Bruce Hiler, Skilling's lawyer, said, "We specifically requested Mr. Skilling be on the same panel with Sherron Watkins. He is looking forward to what will be Mr. Skilling's first specific conversation with Ms. Watkins about these matters."

Retorted Watkins' attorney, Philip Hilder: "Mr. Skilling ought to know that this is a congressional hearing, not a conversation with Sherron Watkins, and he needs to answer the questions and have the conversation with the congressional committee."

All three testified, separately and under oath, this month before a House investigative panel. Other top Enron executives, including Lay, have invoked their Fifth Amendment right against potential self-incrimination and refused to testify.

Lay told Enron employees at a meeting last Oct. 23 that the partnerships were a mistake but he did not blame chief financial officer Andrew Fastow, who ran them, a videotape made public Monday by Rep. Henry Waxman, D-Calif., shows. The company had recently disclosed a third-quarter loss of more than $600 million and federal regulators had opened an inquiry into its accounting.

"I and the board are also sure that Andy has operated in the most ethical and appropriate manner possible," Lay is seen saying on the tape. The next day, Fastow was fired.

Asked by employees about the $30 million or so Fastow made running the partnerships, Lay asked rhetorically whether Fastow and his partners would get to keep the money or find another place for it. "What he does with that money is his own business," Lay said.

"We are determined to understand what happened at the Enron Corp.," said Sen.
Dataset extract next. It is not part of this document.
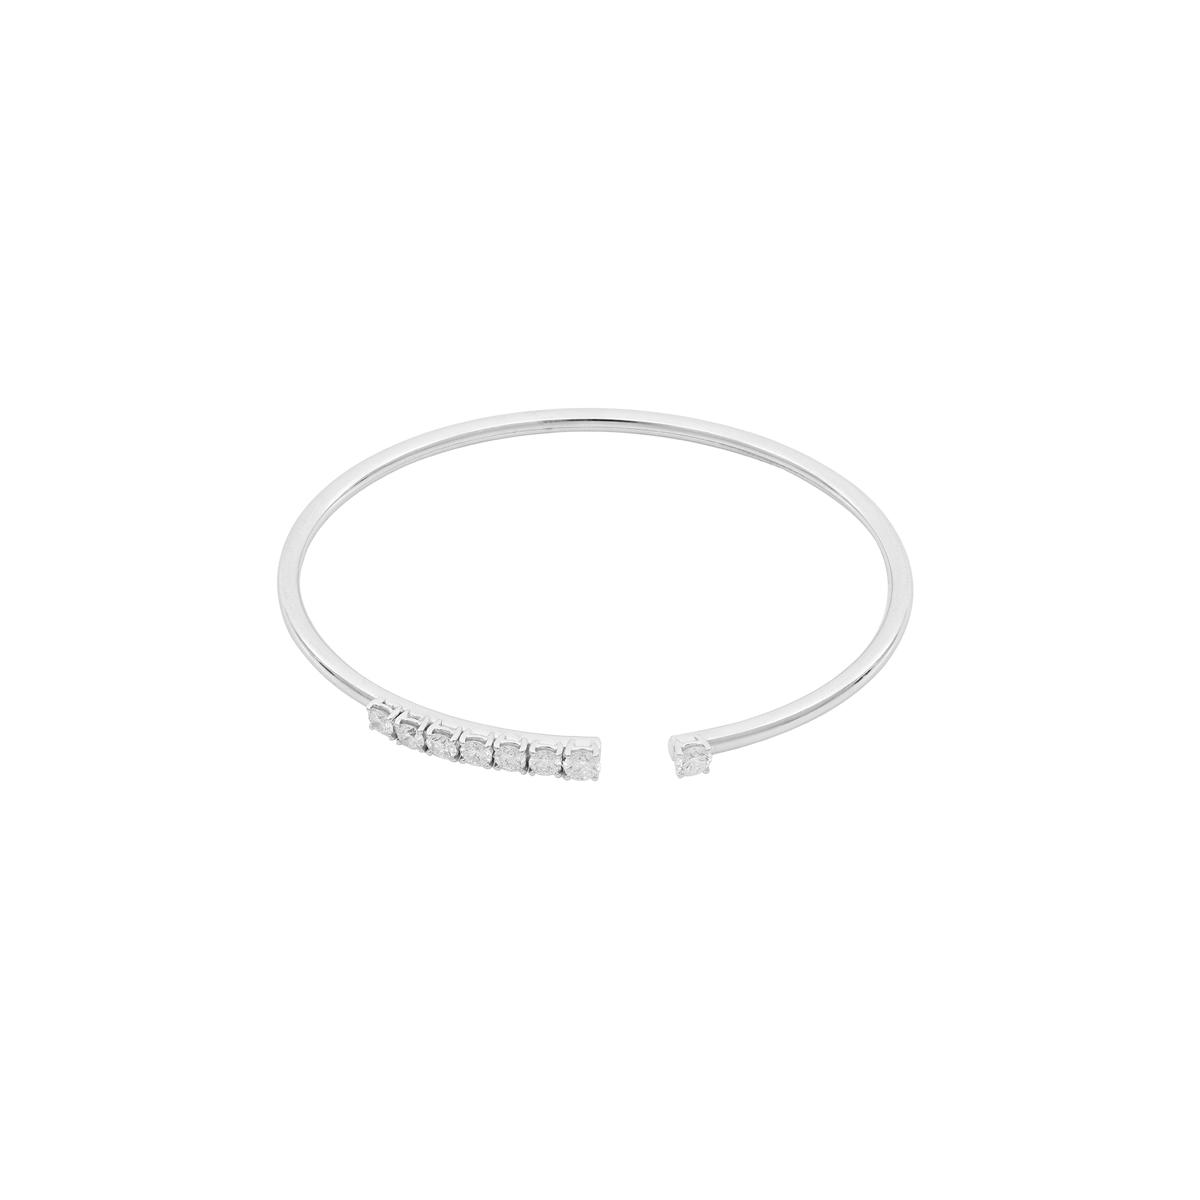 Fine White Gold Diamond Open-Cuff Bangle Bracelet

Byron Dorgan, D-N.D., whose Commerce subcommittee on consumer affairs is investigating the energy-trading company's collapse and bankruptcy, the biggest in U.S. history. "We're trying to search for the truth here," Dorgan said in a telephone interview. "I think it will be helpful ... to compare responses" of the three witnesses.
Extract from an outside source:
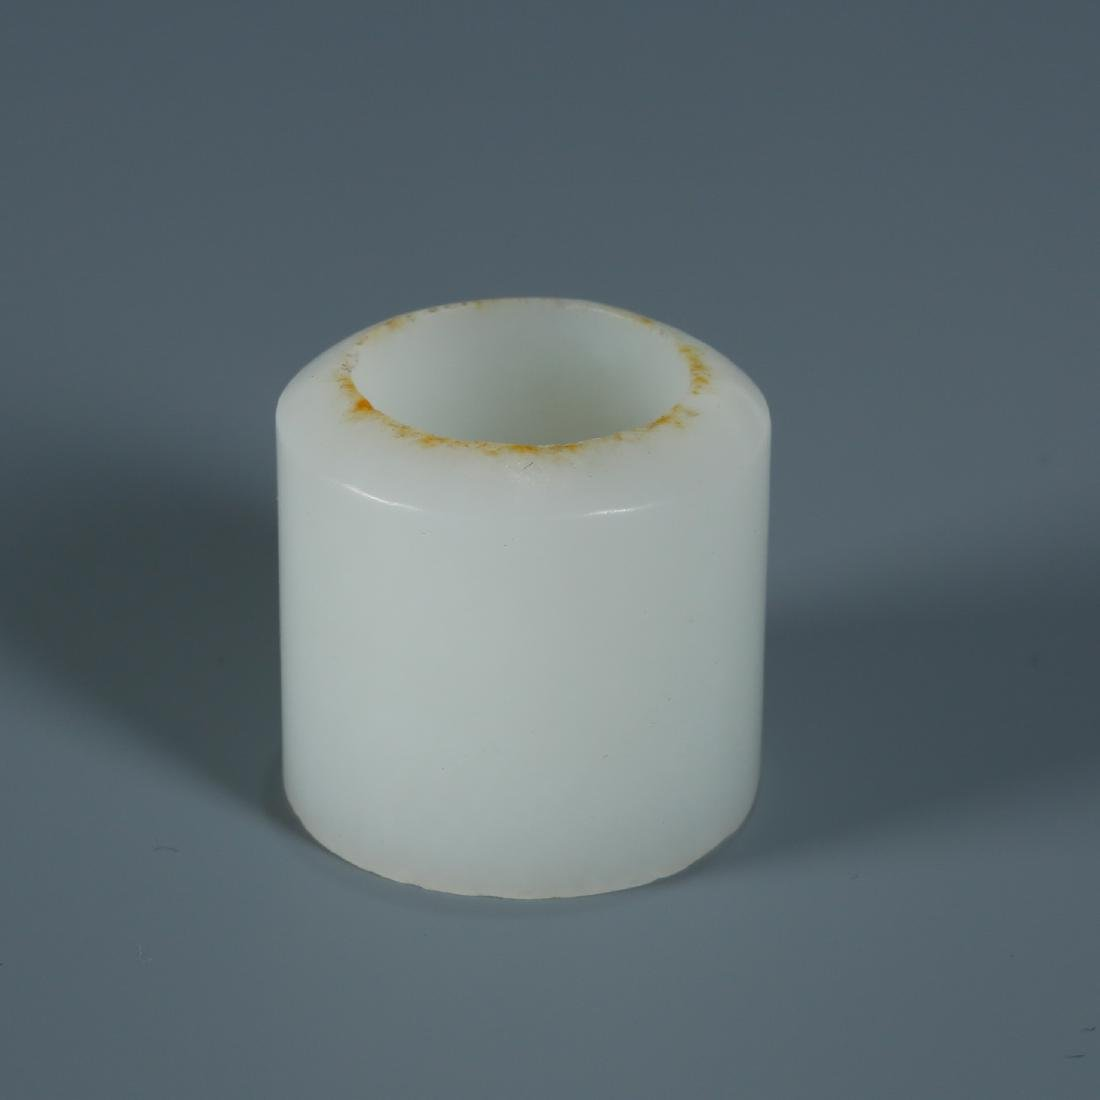 White Jade Archers Ring - 6

Watkins told the House panel on Feb. 14 that she believed Skilling and Fastow — along with Enron's auditing firm, Arthur Andersen LLP, and its outside legal advisers — "did dupe Ken Lay and the board."

She called Skilling "a very intense, hands-on manager" and said she "would find it hard to believe that he was not fully aware" that the partnerships run by Fastow were largely financed by Enron stock, contrary to normal accounting practices.

A week earlier, before the same subcommittee, Skilling testified that he was assured by others at Enron that the transactions "were correct."

According to McMahon's Feb. 7 testimony, he was transferred out of his job as treasurer shortly after he complained to Skilling about the partnerships in a meeting on March 16, 2000.

Skilling has said he couldn't recall details of key conversations that subordinates, including McMahon, testified they had with him concerning Enron's finances.

In a related move Monday, Waxman wrote Skilling requesting information on his saying at an Enron employee meeting on Oct. 3, 2000, that the company's accounting practices were "conservatively executed" and brushing off a newspaper report describing possible accounting problems.

Waxman, the senior Democrat on the House Government Reform Committee, said Skilling was seen making the statements on another videotape received last week from Enron.

Hiler, in a statement, called Waxman's inquiry an "attempt to draw unsubstantiated conclusions from [a] new piece of information."